Jeremy Grantham’s Road to Zero Growth

By on November 21, 2012

Jeremy Grantham - GMOThe latest quarterly letter by GMO’s Jeremy Grantham was released this week. He paints a very grim picture for future economic growth in the U. S. stating, “The U.S. GDP growth rate that we have become accustomed to for over a hundred years – in excess of 3% a year – is not just hiding behind temporary setbacks. It is gone forever.” Grantham sees long-term GDP growth gradually winding down to 1% annually in the U. S.; a sobering assessment for stock market bulls.

Grantham lays much of the blame on the lame growth prospects to the rising cost of resources:

Resource costs have been rising, conservatively, at 7% a year since 2000. If this is maintained in a world growing at under 4% and a developed world at under 1.5% it is easy to see how the squeeze will intensify.

Grantham takes a jab at Ben Bernanke (rightfully so):

Investors should be wary of a Fed whose policy is premised on the idea that 3% growth for the U.S. is normal. Remember, it is led by a guy who couldn’t see a 1-in-1200-year housing bubble! Keeping rates down until productivity surges above its last 30-year average or until American fertility rates leap upwards could be a very long wait!

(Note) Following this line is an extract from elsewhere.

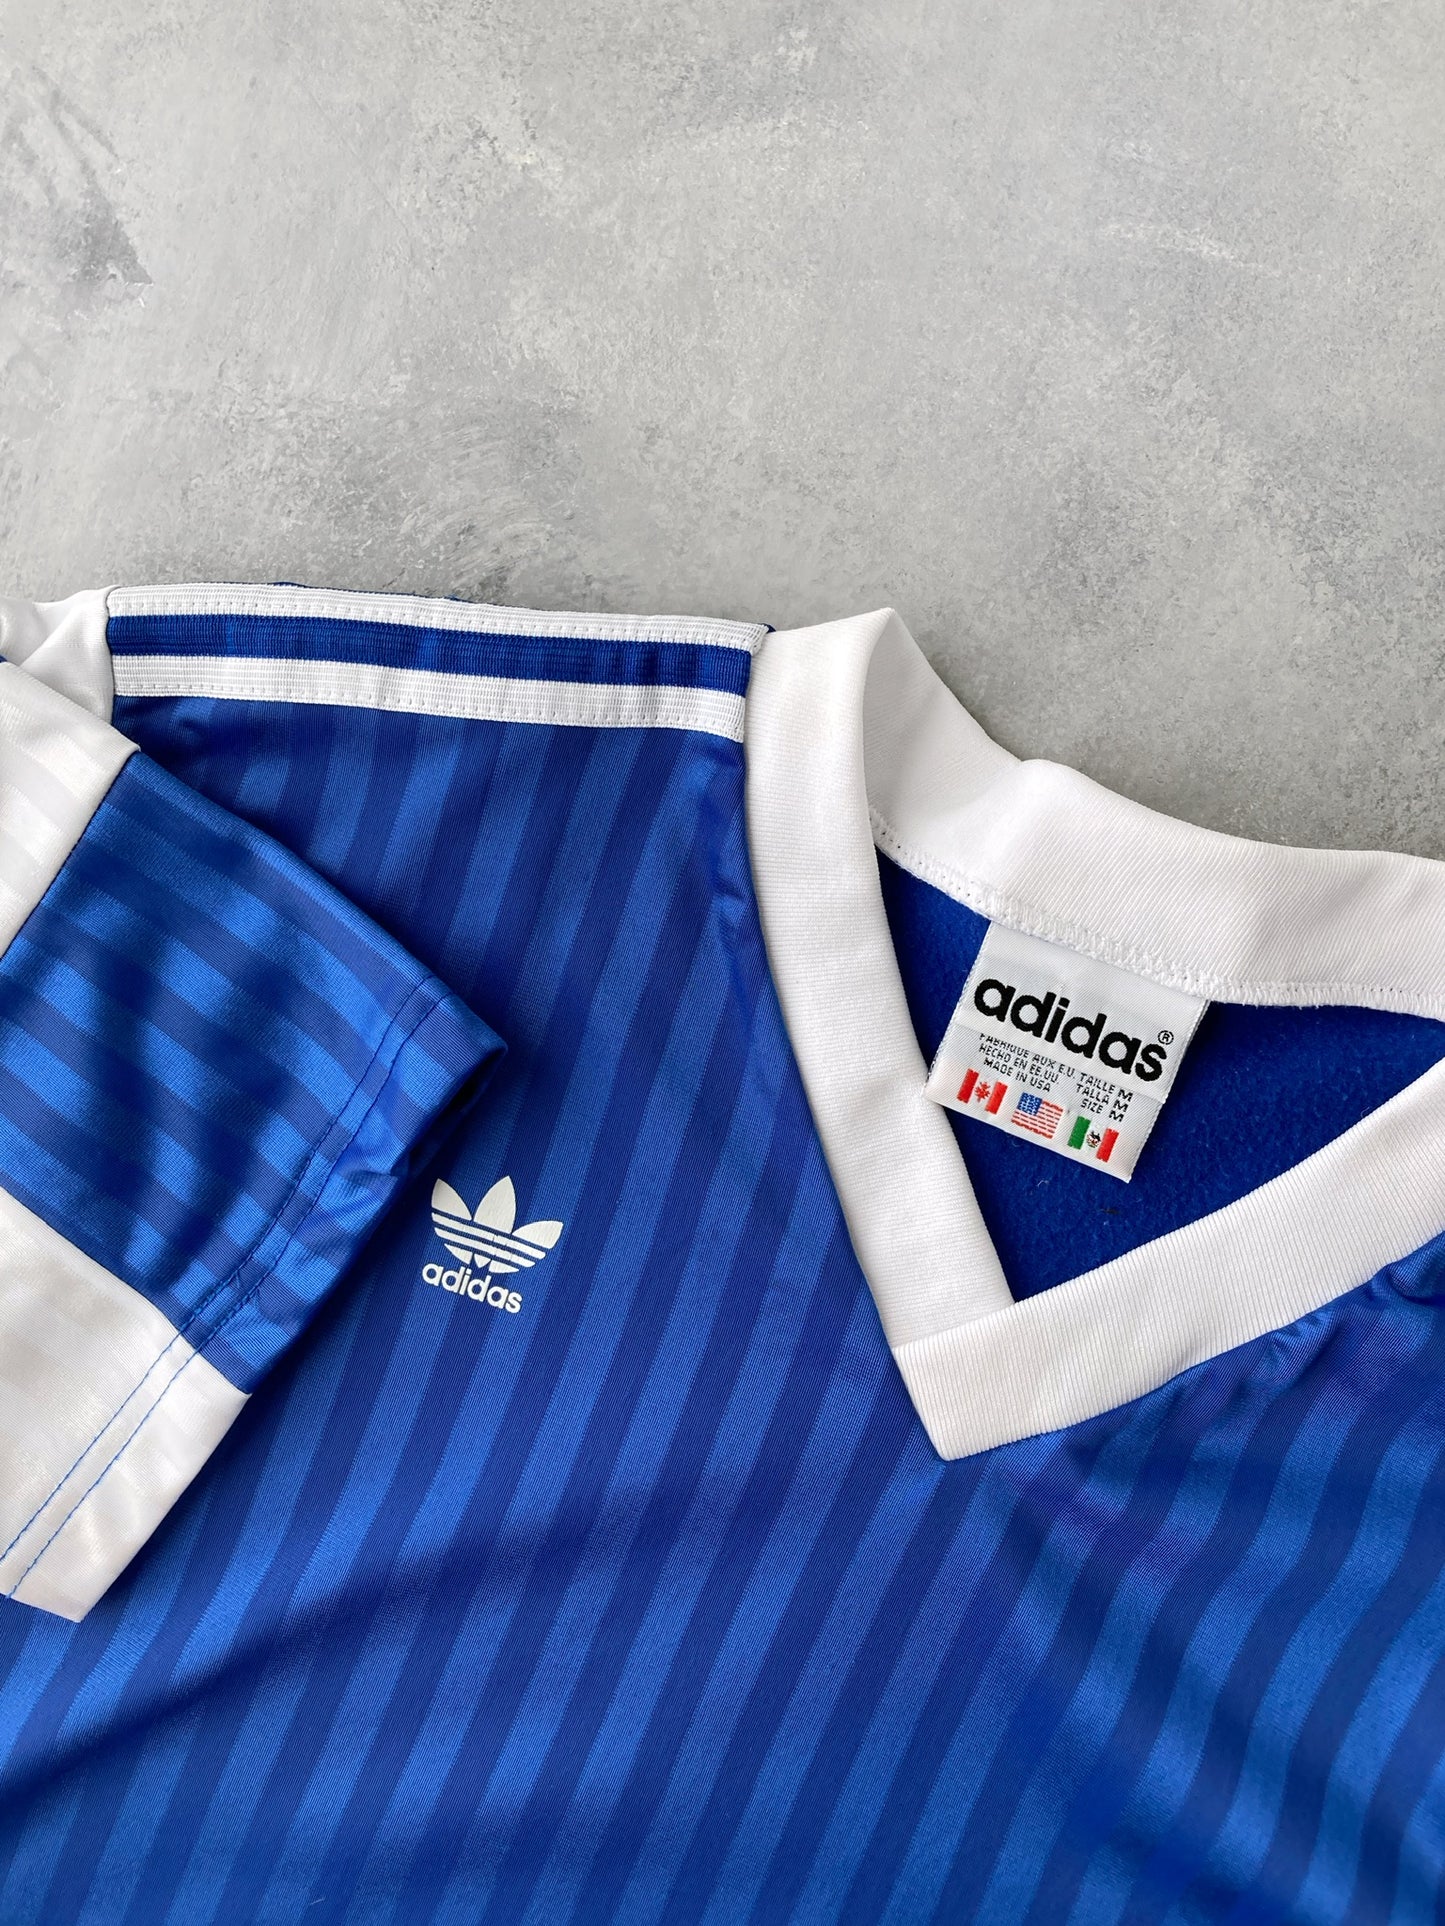 Adidas Soccer Jersey 90's - Small / Medium

Grantham also believes demographics will play a role in the growth rate decline as numbers of workers entering the workforce gradually diminish and female labor force participation growth stalls out further.

Grantham expounds on economic consultant Andrew Smither’s notion of the “Bonus Culture,” in which companies, instead of engaging in capital expenditures to gain market share, resort to purchasing their own stock. He conservatively reckons this factor will reduce growth by 0.2% per year.

Grantham’s letter is 16 pages long and chock full of interesting observations including his expectations for service versus manufacturing sector productivity growth, the prospects for the unemployed, his hopes for a monumental reduction in the monetary and environmental cost of basic ground transportation via technological innovation, and his concerns regarding global climate change.